Go to the line holding "クラッシュ ライド シンバル" in the entries below and write out exactly every line down to and including the line holding "Luftbild des Pflaumenbestandes".

> _Data supplied_:
━━━

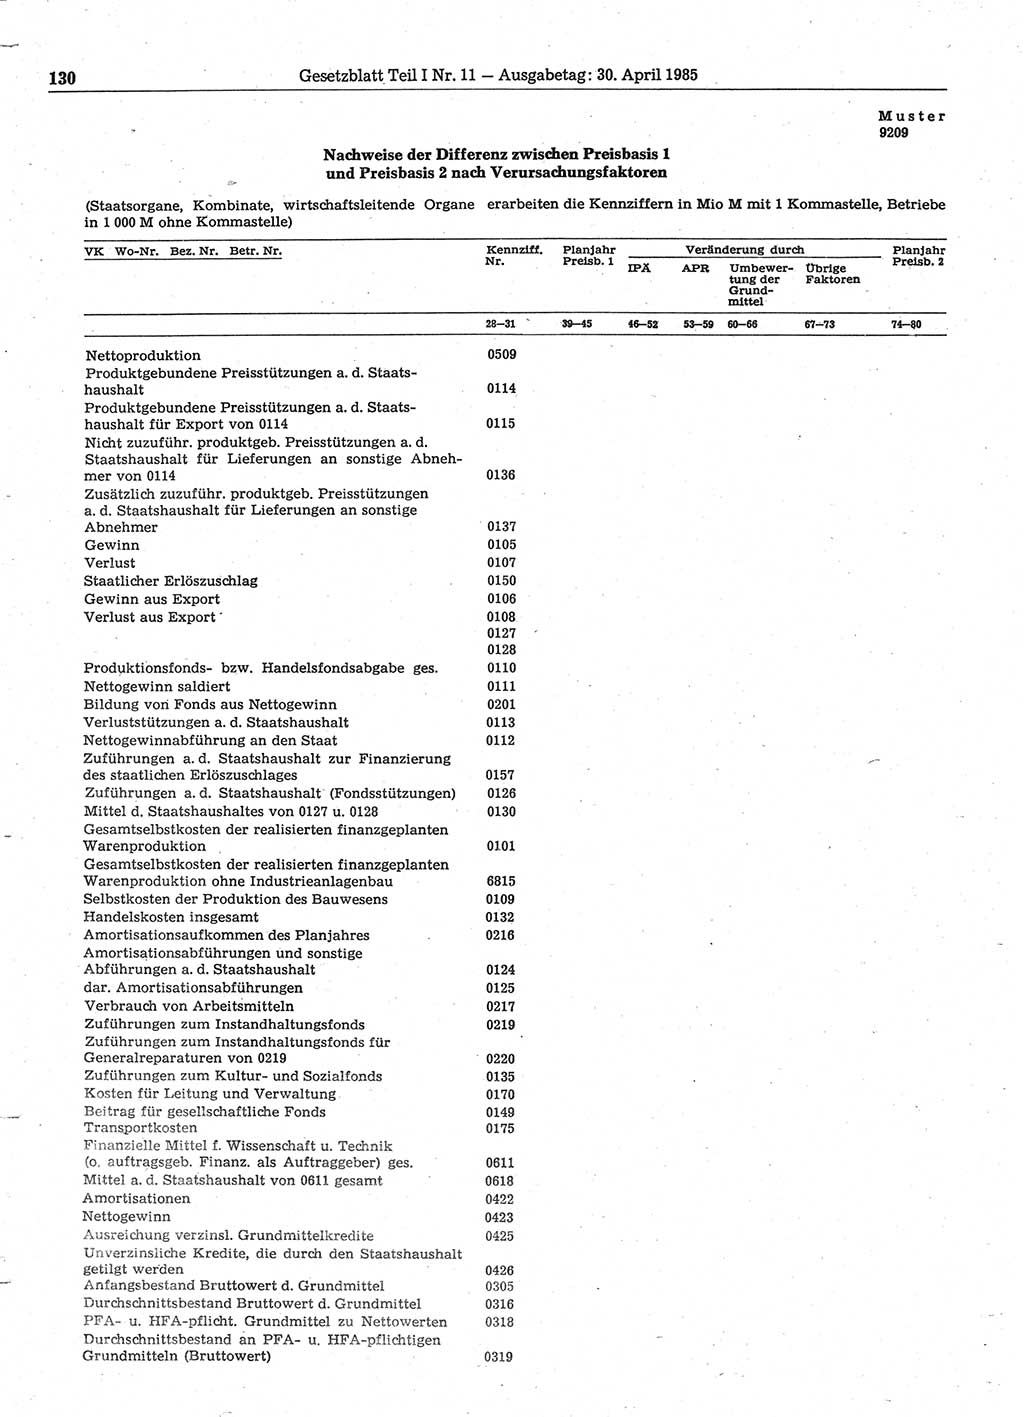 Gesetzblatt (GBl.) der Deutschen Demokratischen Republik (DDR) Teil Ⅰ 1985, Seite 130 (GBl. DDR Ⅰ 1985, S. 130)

━━━

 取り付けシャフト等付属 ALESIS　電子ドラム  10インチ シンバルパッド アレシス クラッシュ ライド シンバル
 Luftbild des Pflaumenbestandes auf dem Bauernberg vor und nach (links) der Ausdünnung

━━━

> _Your response_:
 取り付けシャフト等付属 ALESIS　電子ドラム  10インチ シンバルパッド アレシス クラッシュ ライド シンバル
 Luftbild des Pflaumenbestandes auf dem Bauernberg vor und nach (links) der Ausdünnung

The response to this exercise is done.